Product Development Marty Cagan

Planning Product Discovery

Much of product discovery work doesn’t actually require a lot of planning. We need to come up with a solution to a particular problem, and often this is straight forward, and we can proceed quickly to delivery work.  But for certain efforts, this is decidedly not the case, and some planning and true problem solving becomes critically important.  Big projects and especially initiatives (projects spanning multiple teams) are common examples.

Discovery Sprints have some planning built into the start of the week, but we don’t do discovery sprints that often as they’re a special tool for an intense effort especially where we need to make a big decision in a short period of time.

For the other cases where some planning is called for but not with the time-boxed structure of a discovery sprint, I wanted to talk about how we frame our discovery work to ensure alignment and identify key risks.

There are really two goals here:

The first is to ensure the team is all on the same page in terms of clarity of purpose and alignment.  In particular, we need to agree on the specific problem we are intending to solve (also referred to as “job to be done” if you prefer that nomenclature), which user or customers you’re solving that problem for, and how will you know if you’ve succeeded.  Not accidentally, these should align directly to your OKR’s.

The second purpose is to identify the big risks that will need to be tackled during the discovery work.  I find that most teams tend to gravitate towards a particular type of risk that they might be most comfortable with.  Two common examples I find is that a team will immediately proceed to tackling technology risks – especially performance or scale.  Or, the team may zero in on usability risks.  They know this change involves a complex work-flow and they’re nervous about that so they want to dive in there.

Those are both legitimate risks, but they’re far from the only risks, and at least in my experience, those are often the easier risks to tackle.

We must also consider value risk – do the customers actually want this particular problem solved, or is our proposed solution good enough to get people to switch from what they have now?

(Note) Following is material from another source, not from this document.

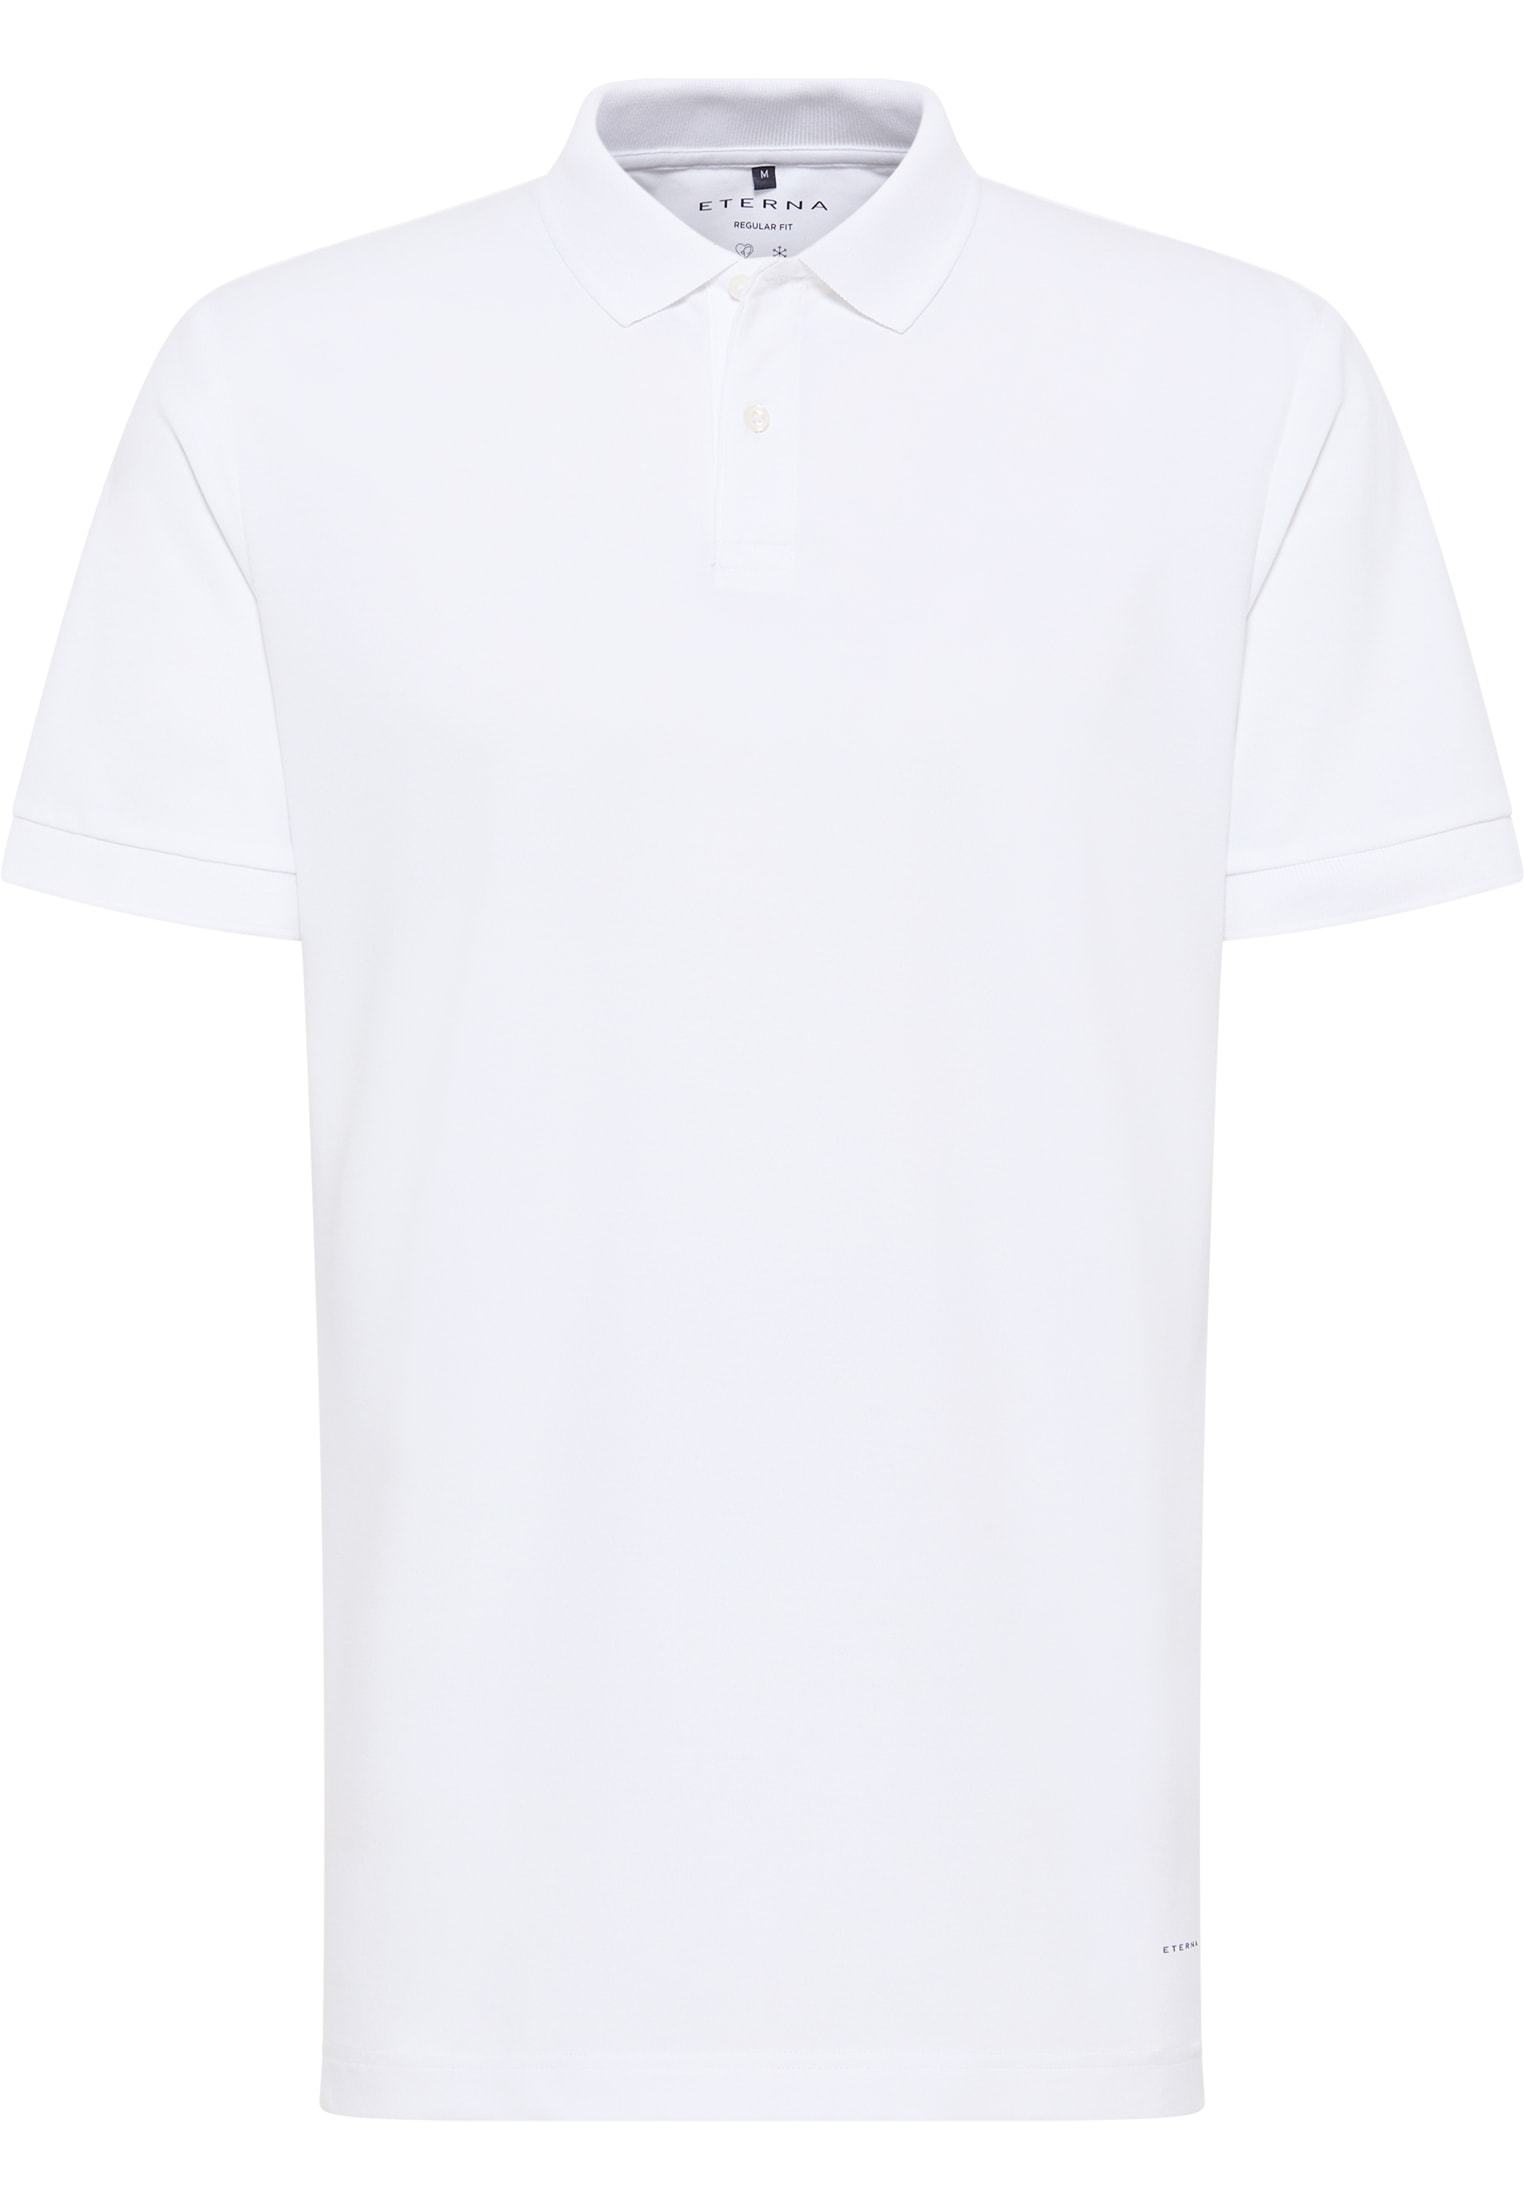 MODERN FIT Poloshirt in weiß unifarben | weiß | 42 | Kurzarm |  1SP00175-00-01-42-1/2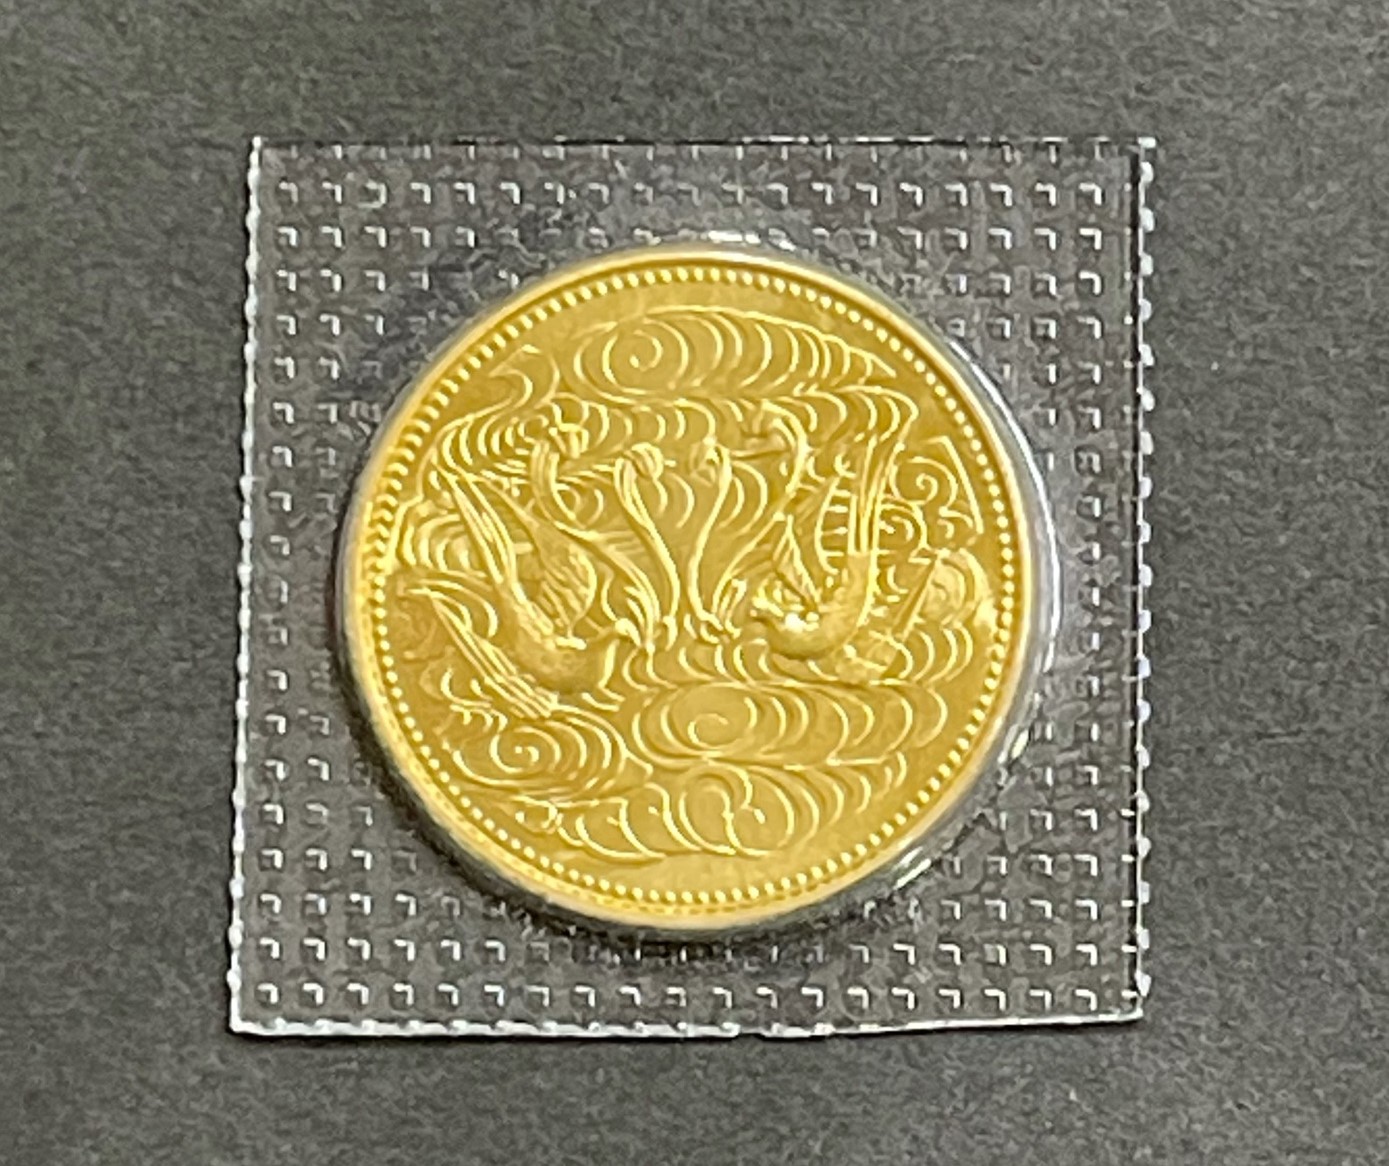 天皇陛下御在位60年記念 記念金貨 10万円 拾万円 金貨 記念硬貨 - 旧

And then there’s the often messy stakeholder risk where we have to make sure that the solution we come up with in discovery actually works for the different parts of the company.  Here are some common examples of that:

– Financial risk – can we afford this solution?

– Business development risk – does this solution work for our partners?

– Marketing risk – is this solution consistent with our brand?

– Sales risk – is this solution compatible with our go to market strategy?

– Legal risk – is this solution something we can legally actually do?

– Ethical risk – is this solution something we should do?

Again, for many things we won’t have concerns along these dimensions, but when we do, it’s something that we need to tackle aggressively.

If the product manager, designer and tech lead do not feel there’s a significant risk for any of these areas, then normally we would just proceed to delivery, fully realizing there’s a chance the team will occasionally be proven wrong.  However, this is preferable to the alternative of having the team be extremely conservative and testing every assumption.  We like to use our discovery time and validation techniques for those situations where we know there’s a significant risk, or where members of the team disagree.

There is a very rich example of this in the news of late.  You’ve no doubt all heard of the fake news problem on Facebook.  Imagine you’re on a product team tasked with tackling this very difficult problem.  Certainly there’s very promising technologies, such as natural language processing, and machine learning more generally, that may be able to help.  And that’s what most people are talking about right now, but there are some broader issues as well:  Who gets to define truth?  Is it even appropriate for Facebook to take on that role?  And how does all of this mesh with Mark Zuckerberg’s product vision?  Are there freedom of speech concerns (real or perceived)?  How does this get reconciled with different cultural norms around the world, and even censorship?  What are the financial implications of restricting monetization on news stories?  What are the sales channel implications?

These are all very real risks that will substantially impact any proposed solution.  This gets to the heart of what makes product difficult, and why tackling these risks in discovery is so critical to coming up with solutions that work not just for your customers, but for your company as well.